Mr Dodd contended that the applicant had not sufficiently particularised her claim to establish that it was necessary for Mr H to be joined in these proceedings. That is, it was not enough for the applicant to present her case by relying on certain parts of various affidavits she had filed previously rather than providing a statement of claim which set out the basis upon which the trust existed.
Issue: Should the respondent’s father be joined?
Law:
- Federal Circuit Court Rules 2001 2001 RR.11.01, 13.07
- Family Law Act 1975 SS.79, 90SM
Analysis:
The applicant had not sufficiently particularised her claim to establish to the Court that it would be necessary for Mr H to be joined as the second respondent in the proceedings. It is significant that applicant has had ample opportunity to properly particularise her claim against the proposed second respondent and has failed to do so. It is not enough to simply refer to a couple of paragraphs in an affidavit and the details of any claim and the relief sought to be revealed at trial.

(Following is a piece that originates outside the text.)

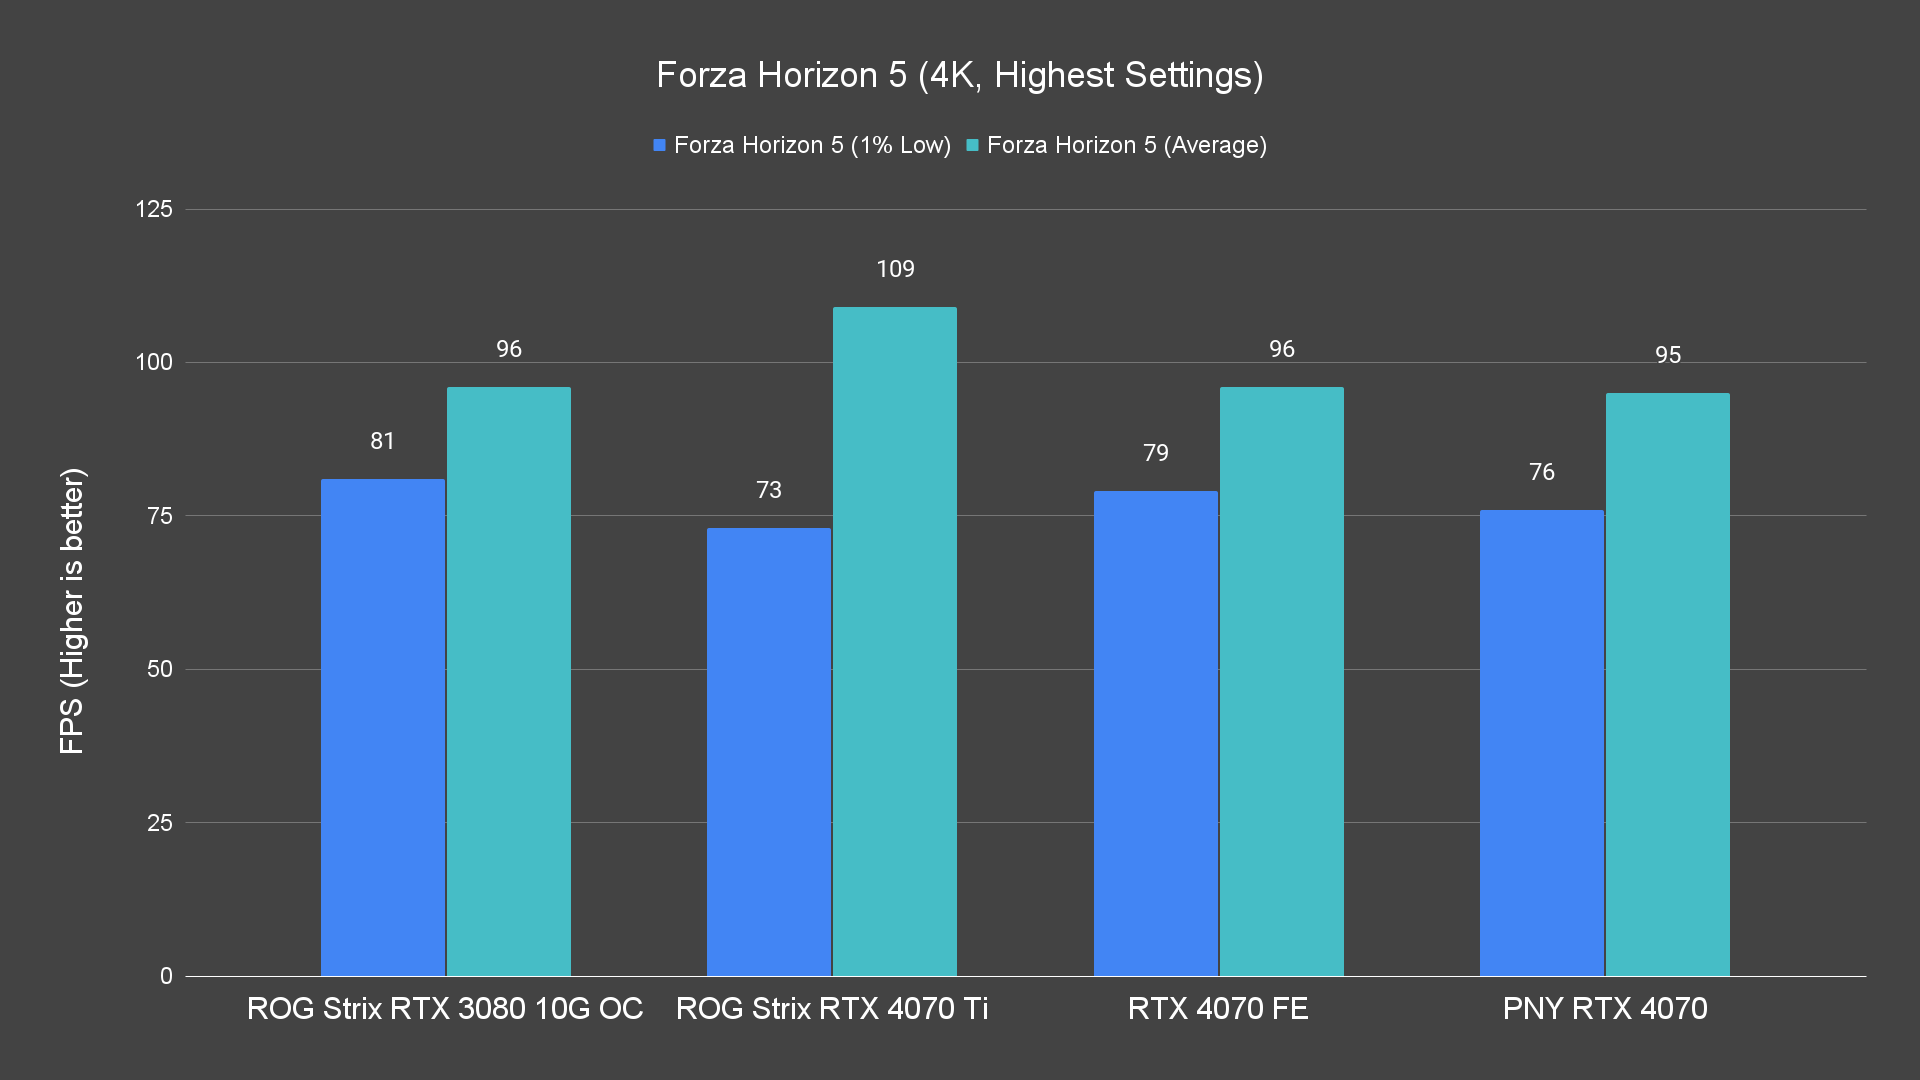 Forza Horizon 5 4K Highest Settings 4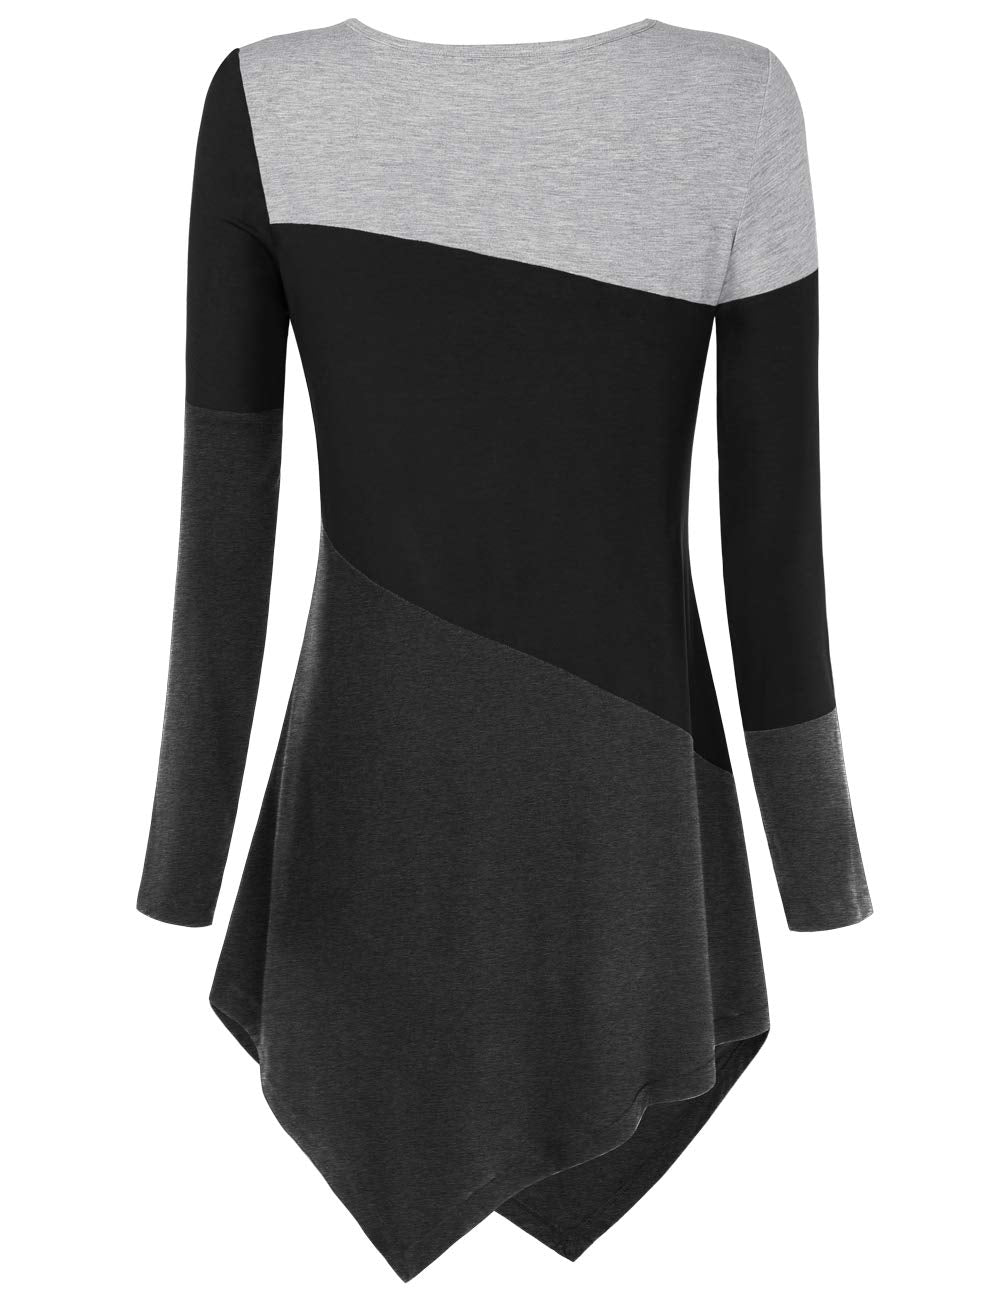 DJT Long Sleeve Black Grey Women's  Tunic Shirts Scoop Neck Hanky Hem Color Block Stretch Casual Fall T Shirt Tops

The court is inclined to accept the respondent’s submission. Save for the Historical Copy of Register of Titles on the UK property, and an extract of the declaration of trust, the applicant has failed to formulate a statement of claim, and specify the basis and nature of such a claim.
Having regard to her failure in taking the opportunity to adequately particularise her claim, in circumstances where this is the third time she has brought a joinder application, the prejudice to Mr H outweighs the prejudice to the applicant.
Conclusion: Court orders that the application be dismissed.